|
|
|
|
|
|
by oconnor663
1545 days ago
|
|
|
All of this is mostly right, but I have some minor corrections: > or be forced to use AES encryption before hashing Encrypting before hashing doesn't actually help us, if our hash input has low entropy. The problem is, what AES key are we going to use? If the key is public/constant, the attacker can just repeat the AES step themselves while they try to guess the input. On the other hand, if the key is secret, then we need to store it somewhere. Most likely, we're going to store it in the same place/database where we store the hash. (In this case it's basically the same as a random "salt".) But that means than at attacker who steals password hashes is probably going to steal salts at the same time. > large file hashes This is often true, but we have to be careful. What we really care about isn't the size of the file per se, but the number of possible inputs the attacker has to guess.

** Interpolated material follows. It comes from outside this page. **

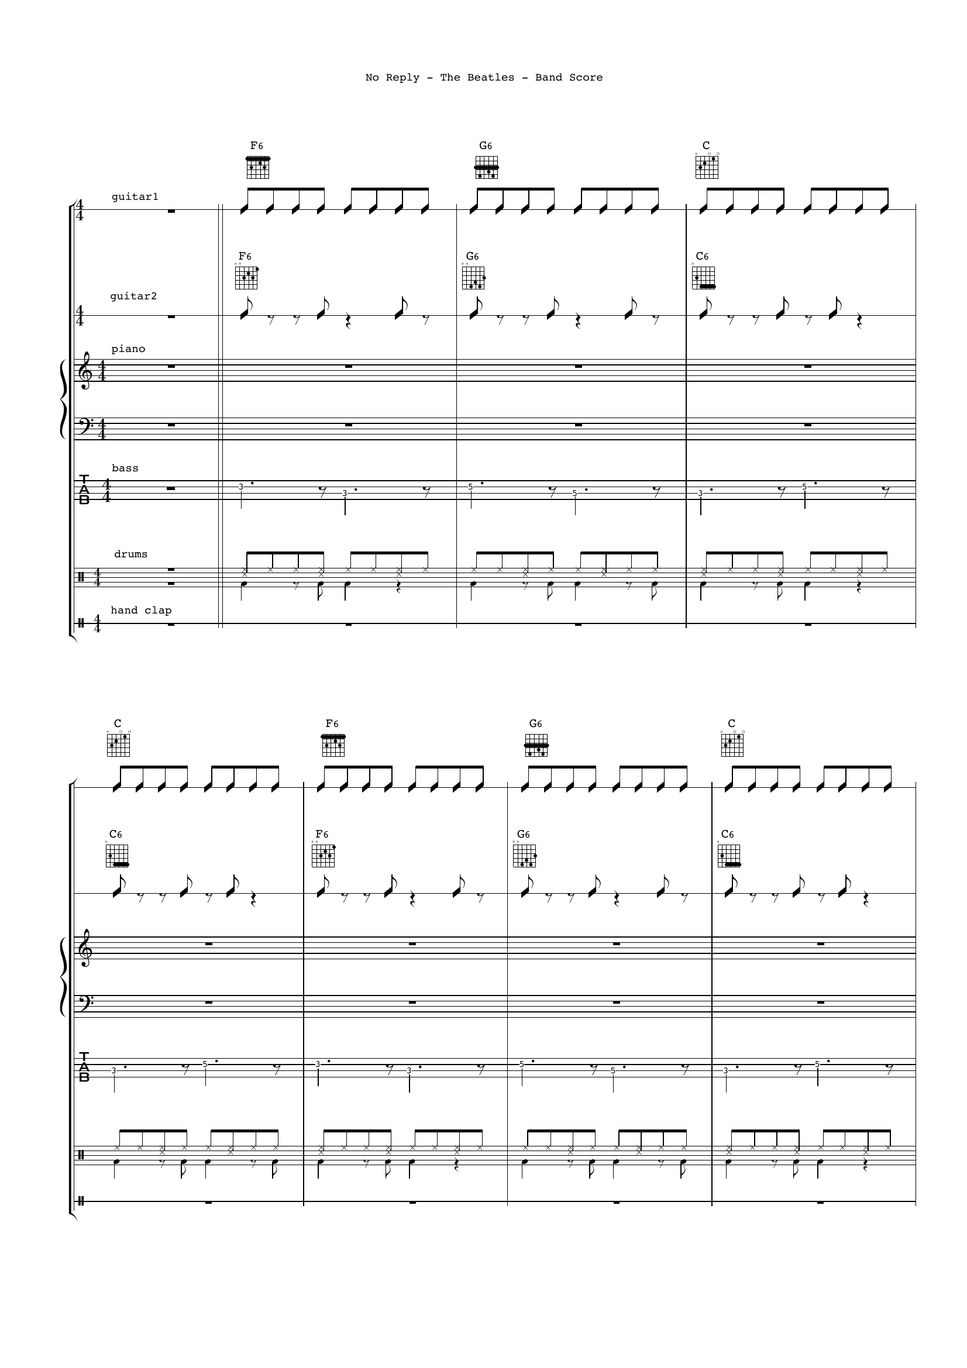 The Beatles - No Reply (Band Score) by Ryohei Kanayama
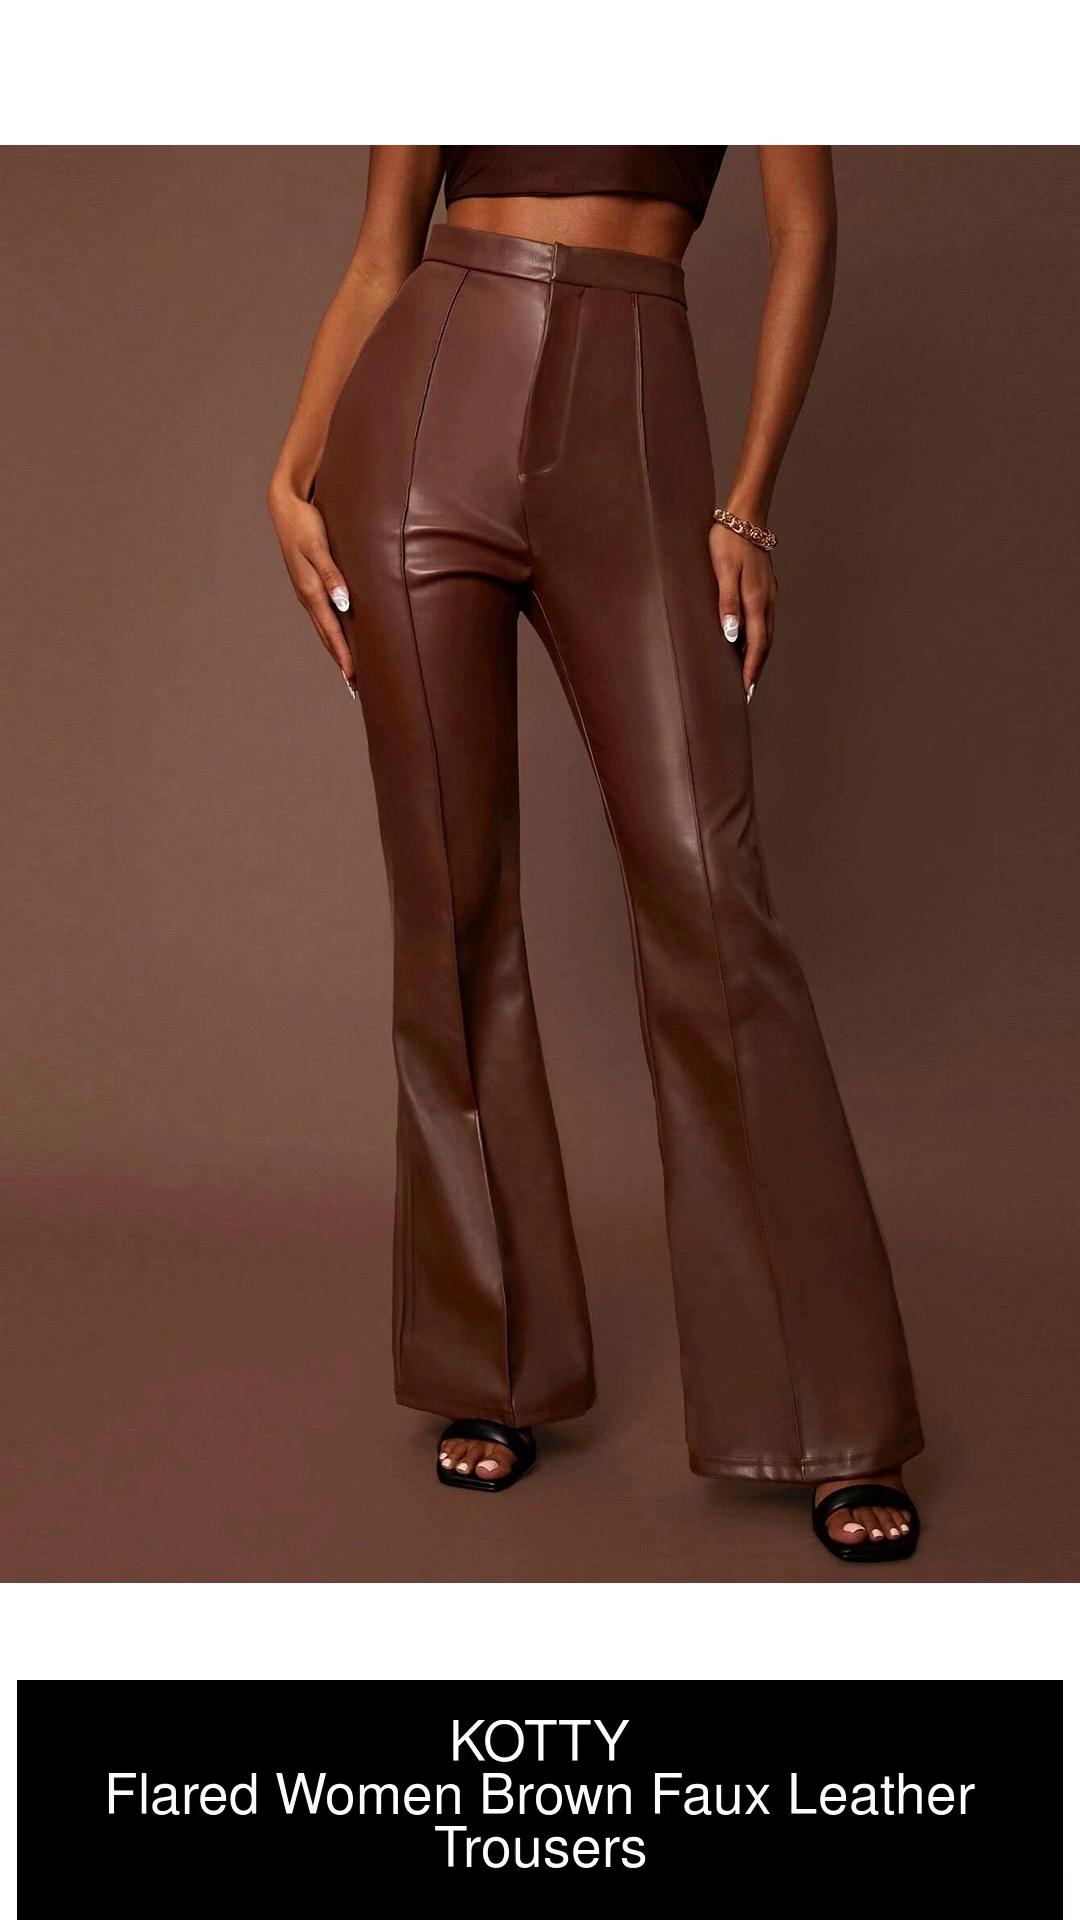 Tie Waist Stud Skinny Leather Pants  China PU Leather Pants and Ladies  Leather Pants price  MadeinChinacom

So for example, if we hash a video file we downloaded from a bittorrent site, it might be easy for someone else to figure out what file that was, because even though the file is large, the total number of files on these sites isn't so large. |
|
|
> Encrypting before hashing doesn't actually help us
Technically correct. There is no additional need to hash once you are encrypting already. However, when compliance tells you that you need to use hashing but you still need sub 10ms performance you sometimes need to use encryption. The disadvantage is the necessity for key management, HSMs, etc... Anything with low enough entropy is going to NEED encryption unless you are using ridiculous BCrypt or PBKDF2 parameters and are willing to wait a day or two to verify a hash.
> Large file hashes
If you salt the file data appropriately this is not an issue. The salt can be a part of the encrypted file ensuring that your hash doesn't collide.